Conversely, those who do not take on an FiY1 post – either through choice, or because they did not graduate early – must also be having mixed feelings.

These thoughts resonated with much of the work Gill Vance and I have been doing over the last few years around transitions through medical school and beyond – questions of ‘preparedness’ and personal adjustments to practice, and challenges to the wellbeing of medical students and doctors.

We quickly drafted an outline proposal and having already started building relationships with other medical education researchers across the UK as part of the development of the NIHR Incubator in Clinical Education, were soon able to pull together a team and a plan. The GMC agreed to fund the project, and by May we were finalising the questionnaire materials you have seen and approaching other stakeholders to support data collection.
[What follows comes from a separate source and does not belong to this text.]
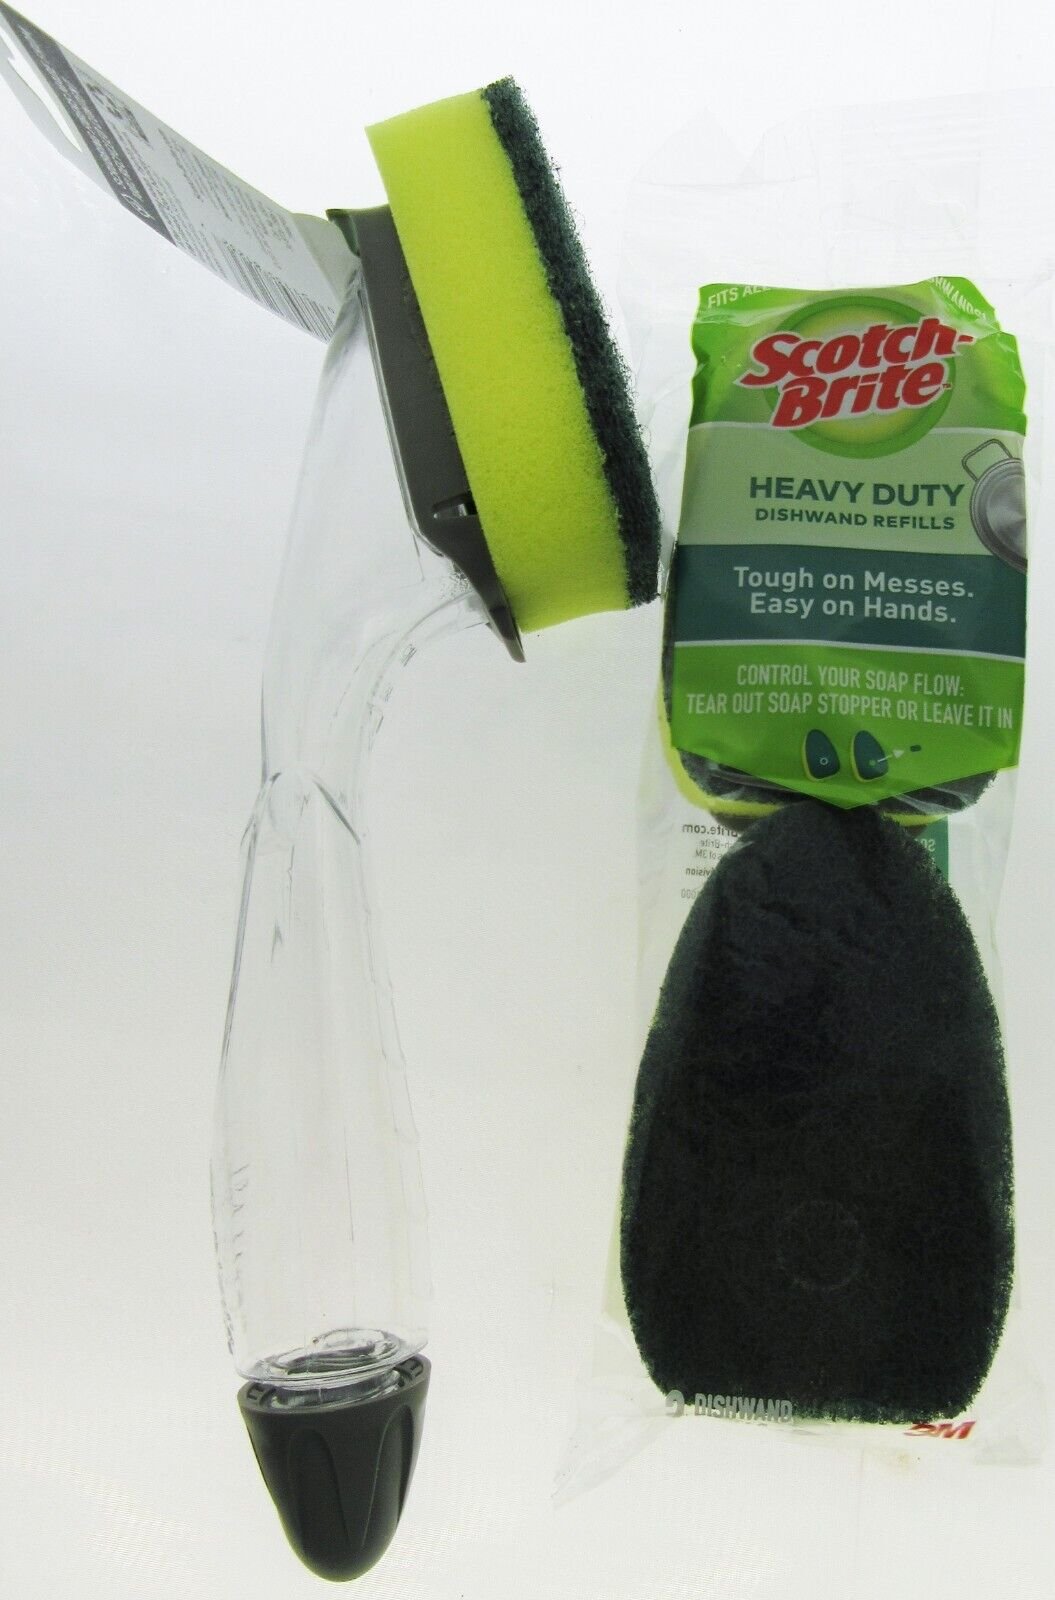 Scotch-Brite Dishwand Soap Despensing Heavy Duty Scrubber Refills Kitchen Scoury

While the rapid development of projects is not new to us, the pace of this felt new – in part because the world was changing to rapidly around us, and so any data we collect would be far more time-critical than in ‘normal’ times (hence the longitudinal design). There’s also an awareness that this is a historic moment, and we have a unique opportunity to hear from the ‘class of covid’ (a phrase I came across on Twitter, used by newly graduating medical students). 

We also have to consider that this may not be the last pandemic – and indeed that the current one is by no means over. Understanding the experience of starting work in such unusual circumstances now – whether as FiY1 or as F1 in August – will help ensure that any future changes are informed by the best evidence.

Learning from this unusual set of circumstances may also guide approaches to best address the longstanding challenges of the transition to professional practice in the ‘new normality’.